You're at scale on the latest NVIDIA hardware. If you have committed to H100/H200 or moving to B200, and you are running >100 sustained QPS on a stable set of models, TensorRT-LLM's 30–60% efficiency advantage on those specific kernels pays back the engineering tax. The "we don't have time to learn it" excuse stops working when the GPU bill crosses six figures monthly.

Your workload is agentic. If your average request involves 5+ tool calls with the same system prompt, SGLang's cross-branch prefix sharing is genuinely architectural — not a tuning detail. You can run the same model on vLLM at one-quarter the throughput. Most teams discover this six months in, after having shipped on vLLM.

You're on consumer GPUs or Apple Silicon. vLLM does not target this tier. llama.cpp does — and is excellent at it. The decision in that tier is not "vLLM vs llama.cpp," it is "do you have a real data-centre GPU or not."

the right default vLLM until your evidence says otherwise. Then re-evaluate. The defaults are vLLM because vLLM is the lowest-risk first move for the unknown workload — broad model support, predictable behaviour, OpenAI-compatible drop-in, BSD licence. The mistake is treating vLLM as the permanent answer when your workload, after six months of growth, has shape that another framework was built for.

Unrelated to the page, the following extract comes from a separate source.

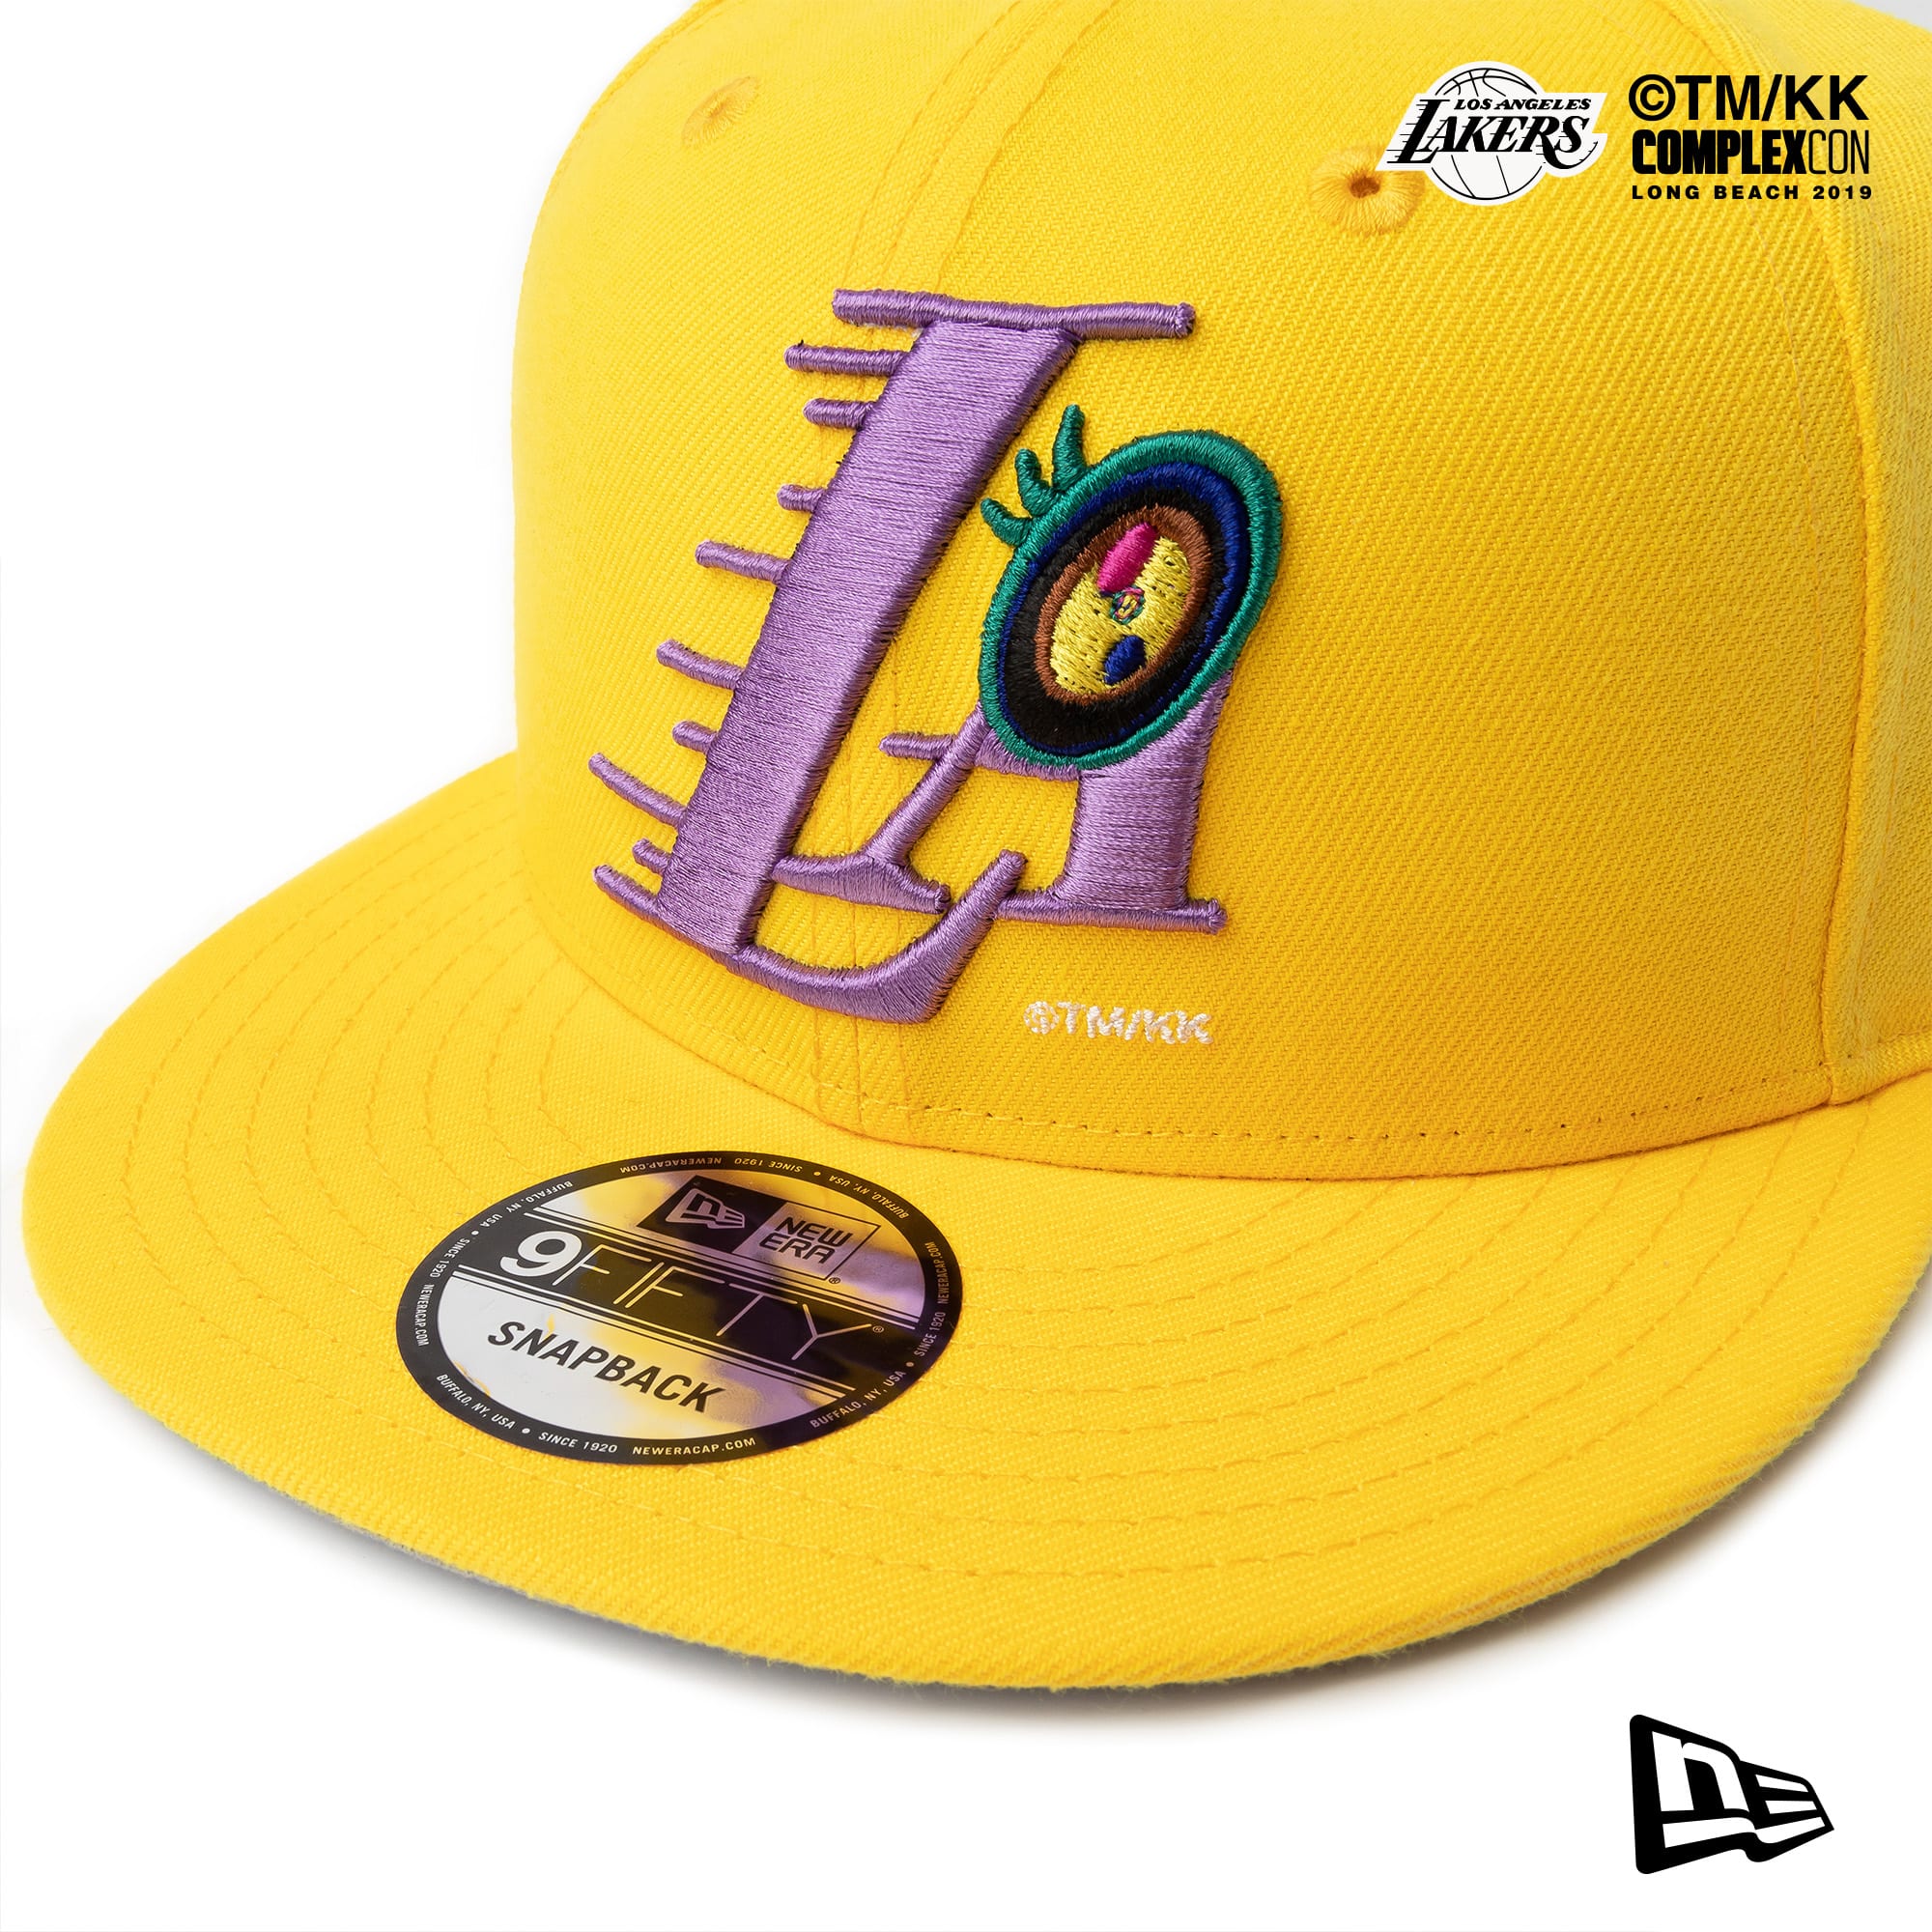 New Era Complexcon Lakers Hat

The takeaway — in three sentences

A serving framework is four jobs glued together — loader + KV manager + scheduler + API — and every benchmark fight is really a fight about KV management and scheduling. vLLM is the right default for the unknown workload, TensorRT-LLM for scale on the latest NVIDIA, TGI for the HuggingFace-native fast-shipping path, SGLang for branching agentic flow, and llama.cpp for everything below a real data-centre GPU.

Then build the rest of the stack — gateway, observability, failover, caching policy — because the framework is one quarter of a self-host. The benchmarks the vendors publish are an upper bound for marketing, not a prediction for your traffic; the only honest benchmark is yesterday's production replay against the candidate.